Genomic techniques face several limitations, and we enumerate here the most important ones, together with future directions that may solve them.

On one hand, the functional interpretation of genomic changes relies on annotations which are often suboptimal, mostly based on homology-based predictions. Further experimental work and better annotation tools may solve this. Similarly, the impact of missense mutations on protein function is difficult to predict, which hampers such functional interpretation. This could be addressed with variant annotators that rely on structure information (i.e. FoldX [85]) based on sequence-based structure predictions (i.e. AlphaFold2 [86]). In addition, using CRISPR-Cas9 can be key (as done in [87] or [53]), since it allows to reproduce mutations in isolation to study their phenotypic impact, even in non-model species.

On another hand, the typical approaches could be missing important genomic variation. Many studies may be underpowered because of their small sample sizes. Combined analyses of genomic and phenotypic information from different studies may increase this power and reveal novel mechanisms of drug resistance and virulence. In addition, the contribution of SVs to these phenotypes has been often ignored, likely due to the technical difficulties in calling them from short-read data. This could be solved by using recent short read-based SV callers (i.e. perSVade [68]) or long read sequencing. Similarly, the epistatic interactions shaping the genotype-to-phenotype relations are poorly understood, although they could be very important [88]. Increasing sample sizes and considering strains of genetically distinct clades may be essential to fully characterize how genomic changes drive virulence and drug resistance. Finally, most GWAS studies only evaluated the correlation between specific variants and a given phenotype.
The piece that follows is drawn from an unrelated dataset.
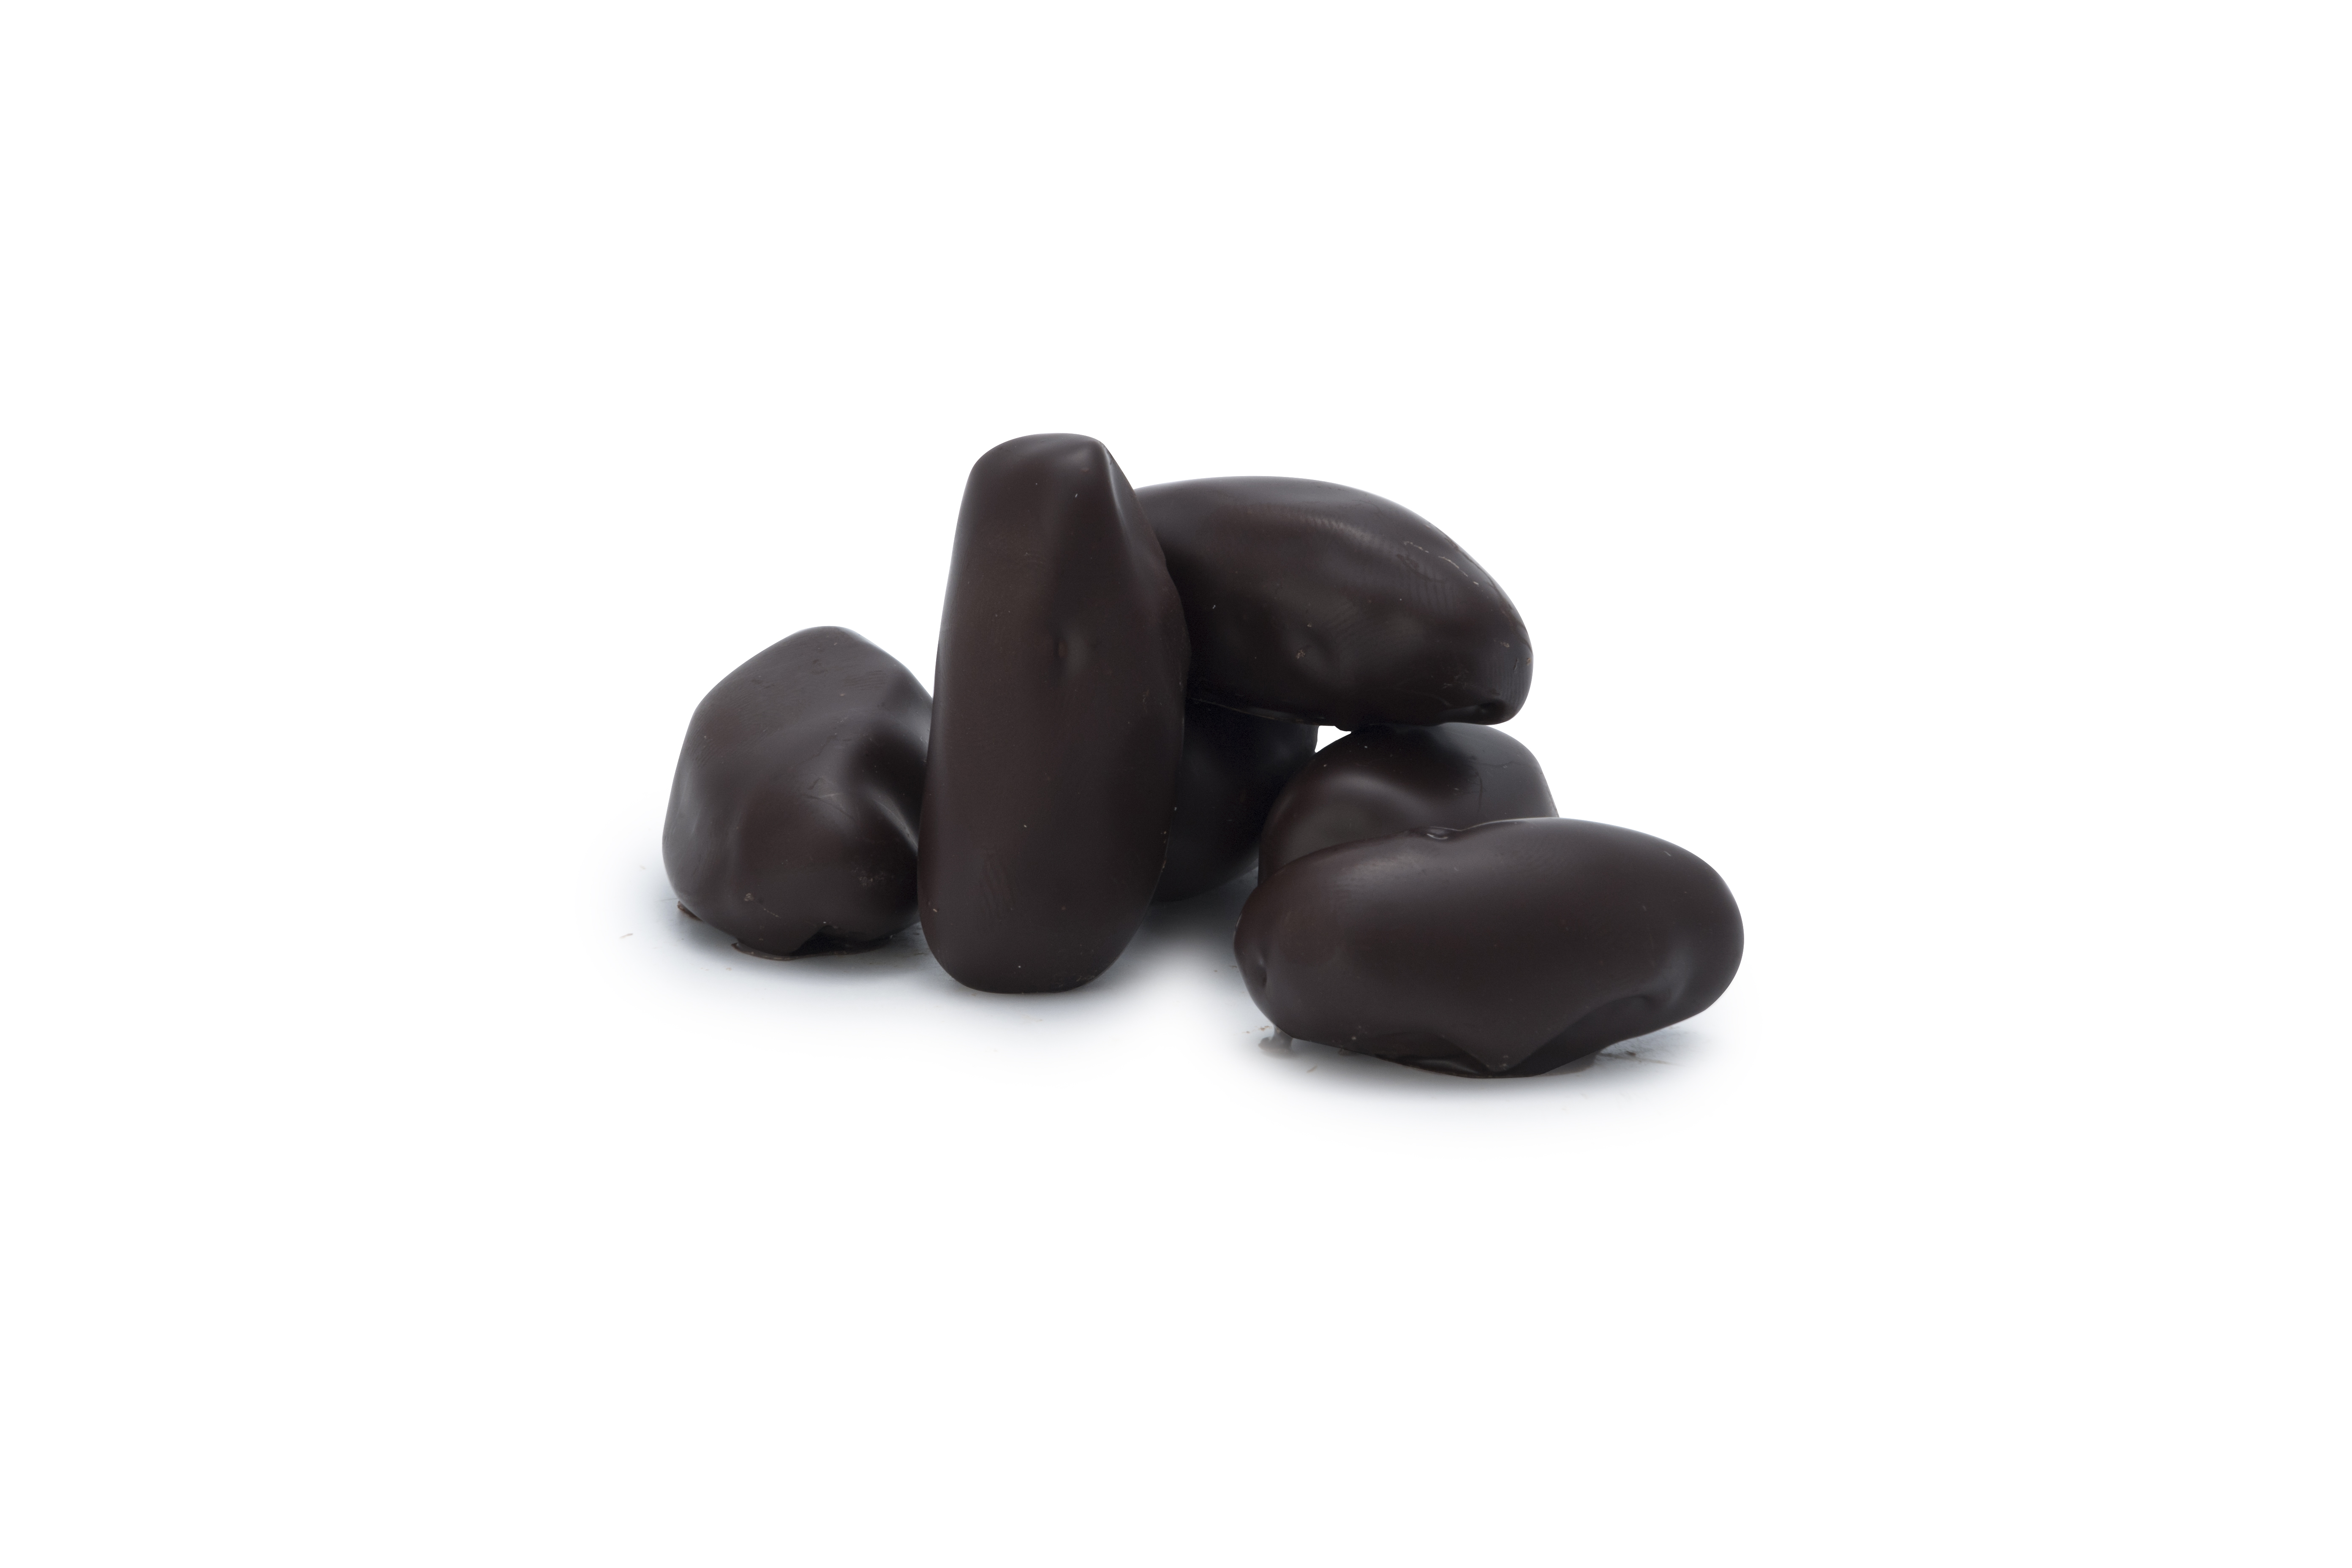 Nao Oeufs de Pâques chocolat fondant 71% vrac bio 2.5kg - 2937 - Disponible de janvier à avril

This approach can be underpowered to detect genes related to resistance or virulence, since different variants in the same gene may have similar phenotypic effects [53]. The use of collapsing GWAS methods [89], which group variants into functional categories (i.e. genes or pathways) to test groups instead of variants, may be a useful solution.

Another setback is that the generated knowledge does not always have a direct clinical impact for human pathogens. Further efforts are required to apply this knowledge and approaches to monitor the phenotypes in the clinics or design better treatment guidelines. We consider that addressing these limitations will be necessary to understand these phenotypes and fight fungal pathogens.

  • Fungal pathogens pose a growing threat to human health, food security and ecosystem diversity. We have shown how genomic studies have been instrumental to understand the mechanisms of virulence and drug resistance in order to fight these pathogens.

  • Comparative and population genomics studies can reveal associations between naturally occurring phenotypes and underlying mutations. However, their power can be limited if the compared strains are too divergent, and directed evolution coupled with genome sequencing can overcome this limitation.

  • These approaches have revealed that small variants, mostly affecting protein sequences, often underlie drug resistance and virulence phenotypes. In addition, structural variants can also contribute to these phenotypes, although their role is still poorly understood.

The authors declare that there are no competing interests associated with the manuscript.

TG group acknowledges support from the Spanish Ministry of Science and Innovation for grant PGC2018-099921-B-I00, cofounded by European Regional Development Fund (ERDF); from the Catalan Research Agency (AGAUR) SGR423; from the European Union's Horizon 2020 research and innovation programme (ERC-2016-724173); from the Gordon and Betty Moore Foundation (Grant GBMF9742); from the ‘La Caixa’ foundation (Grant LCF/PR/HR21/00737), and from the Instituto de Salud Carlos III (INB Grant PT17/0009/0023 and CIBERINFEC CB21/13/00061- ISCIII-SGEFI/ERDF). MAST received a predoctoral fellowship from the ‘Caixa' Foundation (LCF/BQ/DR19/11740023).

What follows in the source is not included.